The MIT License applies to all the solutions / projects / examples included in this repository.
The goal of this solution is to develop an advanced Retrieval-Augmented Generation (RAG) ChatBot designed to assist users in accessing vendor contract information. This ChatBot will identify and retrieve the specific contracts and amendments relevant to the user's query. By focusing on pertinent documents, the ChatBot will provide precise answers based on the content of these documents.
By simplifying access to the contract details, amendments and specific clauses, this tool aims to streamline the contract management and enhance user experience. Users will receive quick, actionable information presented in a user-friendly format, making the retrieval process more efficient and intuitive.
Please ensure you're using Python 3.11 or later. This version is required for optimal compatibility with LangGraph. If you're on an older version, upgrading will ensure everything runs smoothly.
Open a terminal window in VS Code and run the following command
python --version
```
git clone https://github.com/rickcau/vendor-contracts-gen-ai.git
$ cd vendor-contracts-gen-ai
```
Open a terminal window and run the following commands.
```
python -m venv vendor-contracts-env
.\vendor-contracts-env\Scripts\activate
pip install -r requirements.txt
```
If you don't have Jupyter set up, install the Jupter extension in VS Code. We will leverage notebooks to demo various examples.

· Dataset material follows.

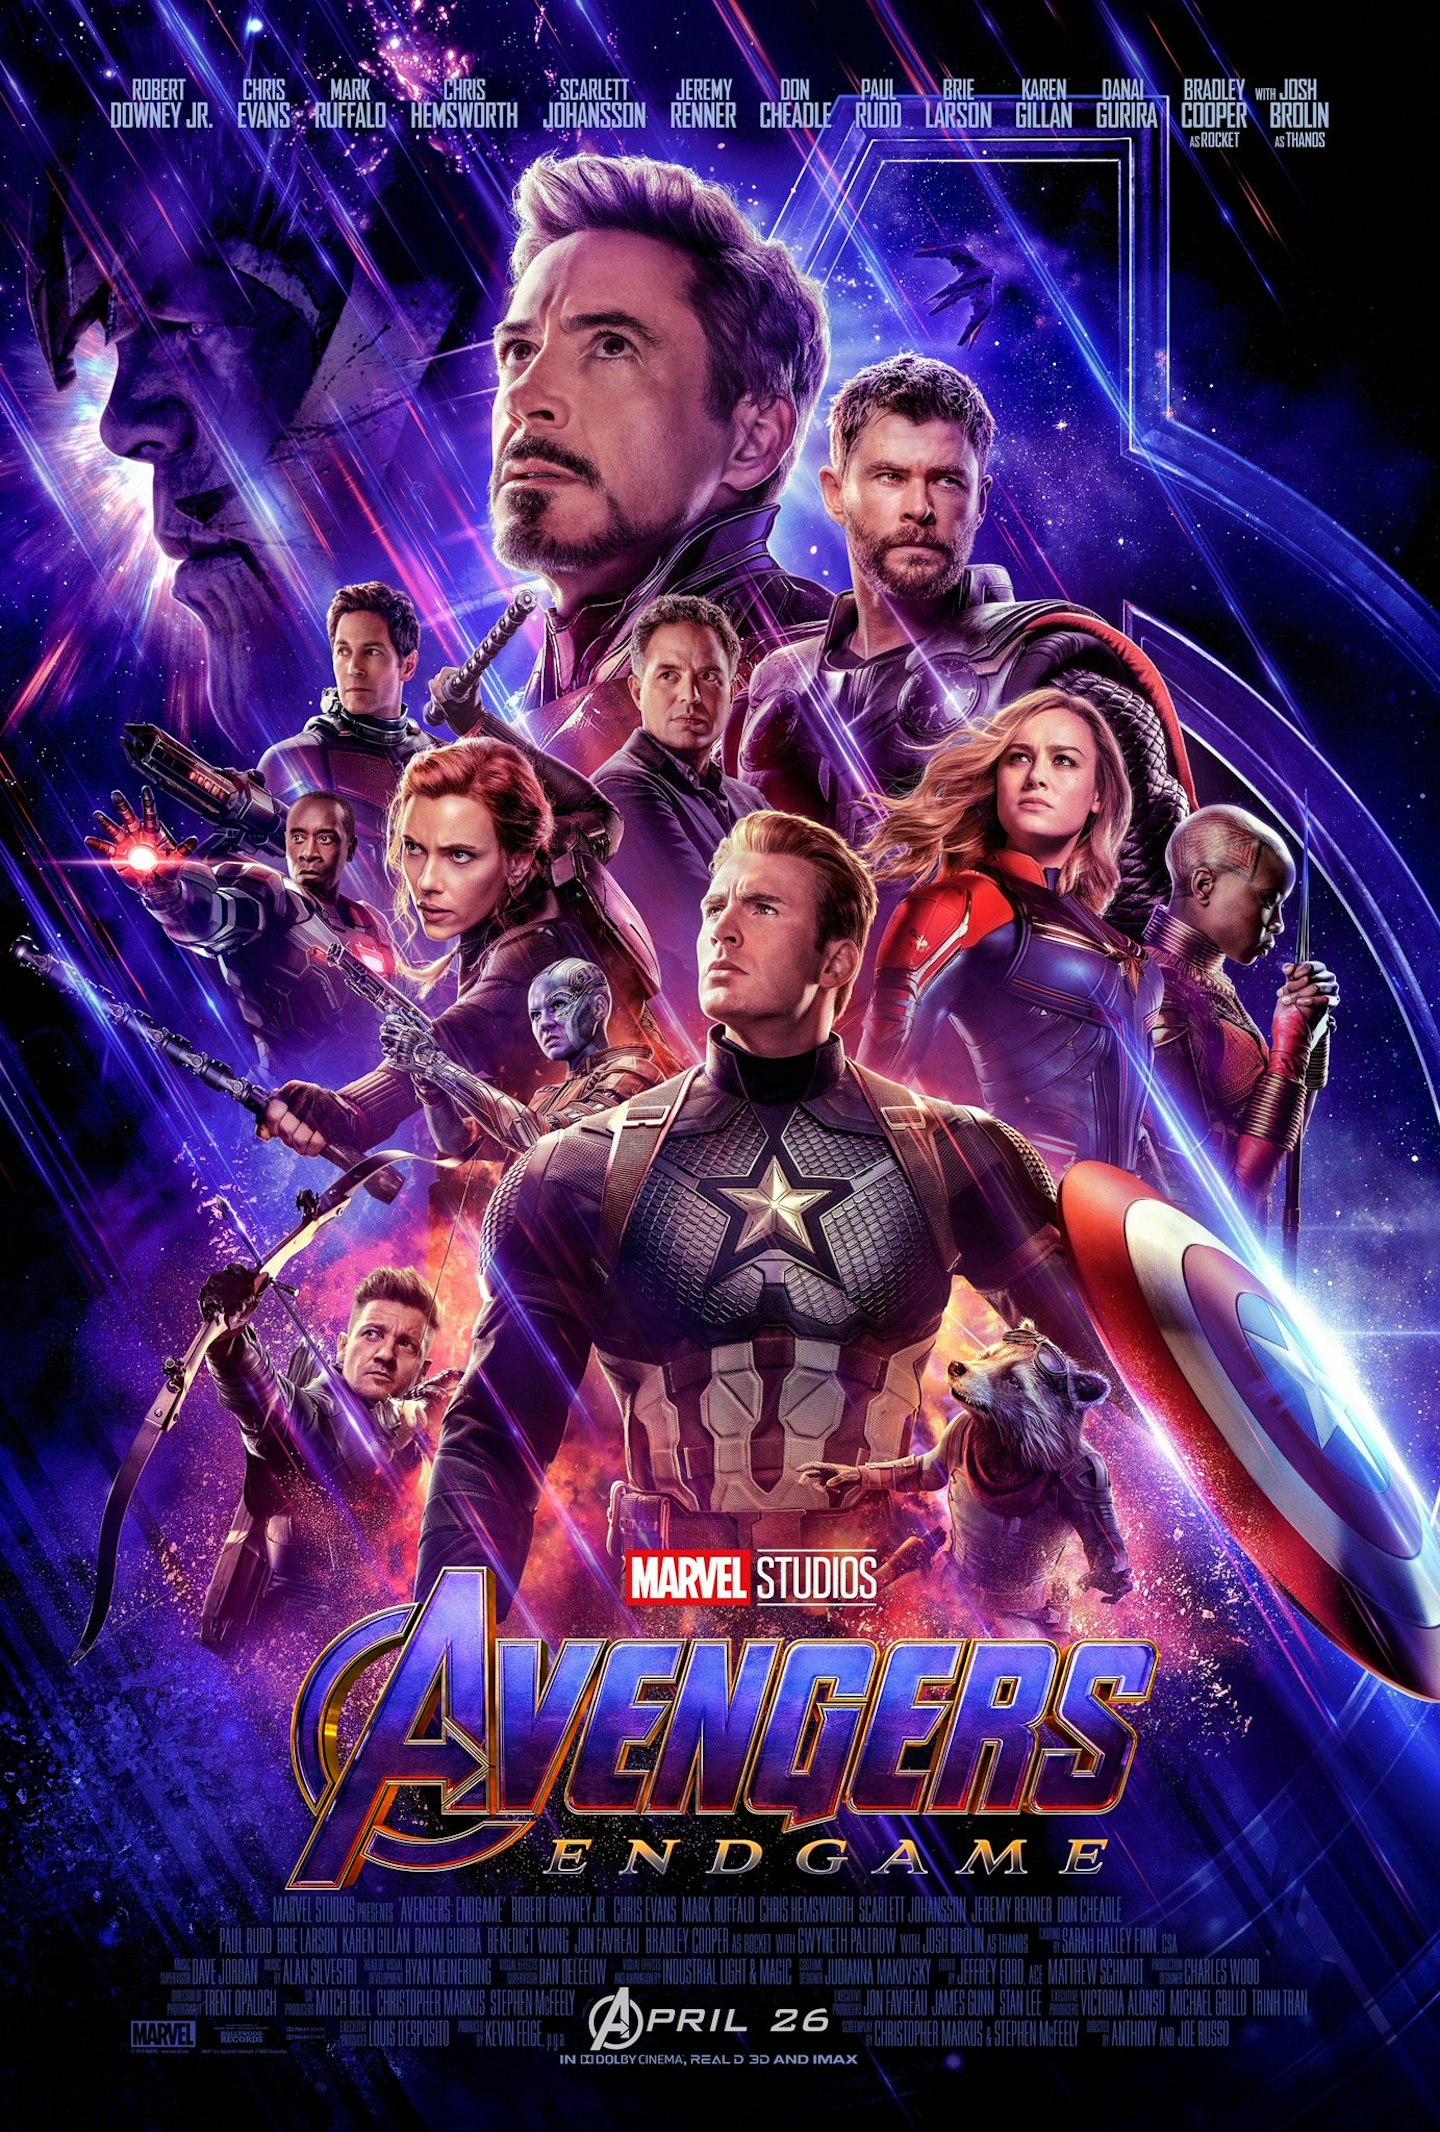 Updated Avengers: Endgame poster

- Naviagte to the Azure Portal and collect all the AI resource detatils for both AI Search and Azure OpenAI endpoints.
Briefly going over how to set up environment variables. You will find an example .env file in the root folder env.example
you need to rename that file
to .env
and make sure to see all the variables to point to your Azure Resources.
If you don't have Jupyter set up, install the Jupter extension in VS Code. We will leverage notebooks to demo various examples.